PS splash tam chyba jest ( widzialem jakies opcje w konfigu jajka i nawet jakas flage USE do tego ). co się tyczy tego drugiego - grep nie wyłapał tego w .config, więc raczej nie ma.

----------

## Lord_Raven

z tego co wiem to 2.6.22 jest ostatnia wersja ck-source jaka wyszla, a jego fjuczery maja zostac wstawione do vanilli

----------

## Belliash

 *Lord_Raven wrote:*   

> z tego co wiem to 2.6.22 jest ostatnia wersja ck-source jaka wyszla, a jego fjuczery maja zostac wstawione do vanilli

 

jestes pewien?

jakos nie chce mi sie w to do konca wierzyc  :Neutral: 

----------

## SlashBeast

Mi też biorąc pod uwagę iż planista z kernela od 2.6.23 bedzie zastąpionym plainstą napisanym przez Ingo a mianowicie CFS. CK ma SD i nie zostanie on wcielony do mainline. Nie liczył bym na fuzje ck z vanillą. Z tego co wiem to Con wycofuje się na jakiś dłuższy czas ze świata kernela.

----------

## Vegan

To prawda CK zakonczyl prace nad patchesetem. 

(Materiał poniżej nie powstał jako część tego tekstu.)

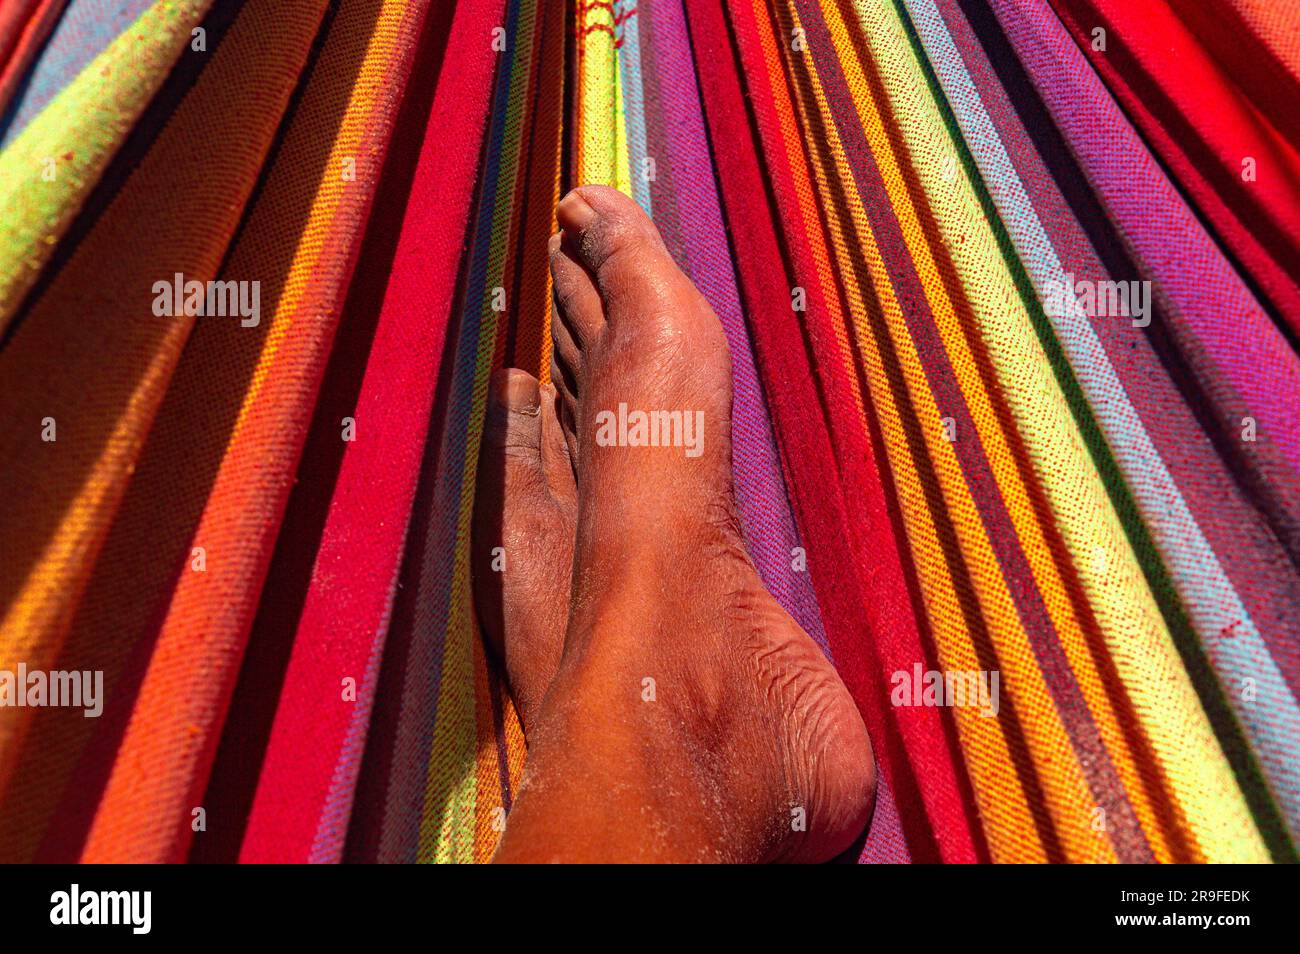 Eine Nahaufnahme, die sich auf die Füße einer farbenfrohen Person konzentriert, die sich gemütlich in einer lebendigen und auffälligen Hängematte ruht. Stockfoto

Jesli chodzi o zrodlo to najbardziej polecam kamikaze-sources dostepne via overlay custom0kernel lub patrz topic na forum unsuported software.

----------

## Lord_Raven

 *Morpheouss wrote:*   

> jestes pewien?
> 
> jakos nie chce mi sie w to do konca wierzyc 

 

Takie info rzucilo mi sie w oczy. Nie pamietam tylko czy podczas emergowania najnowszego ck, czy gdzies na necie to wyczytalem. Jestem teraz w pracy i nie mam dostepu do gentoo, jak wroce to sprawdze.

Edit:

Wyglada na to ze musialem powtorzyc jakas niesprawdzona plotke z jakiegos forum. To:  http://ck.wikia.com/wiki/End_of_ck_patchset i to: http://article.gmane.org/gmane.linux.kernel.ck/7850 chyba wyjsnia wszystko, tak wiec sorki za zamieszanie.

----------

## manwe_

 *Vegan wrote:*   

> Jesli chodzi o zrodlo to najbardziej polecam kamikaze-sources dostepne via overlay custom0kernel lub patrz topic na forum unsuported software.

 

Lista "paczy" wygląda ciekawe, dzięki - sprawdzę jeszcze dzisiaj.

-- update

O ile strona autora wstanie. Jest gdzieś jeszcze mirror? Obydwa adresy z ebuild'a nie działają [DNS].

----------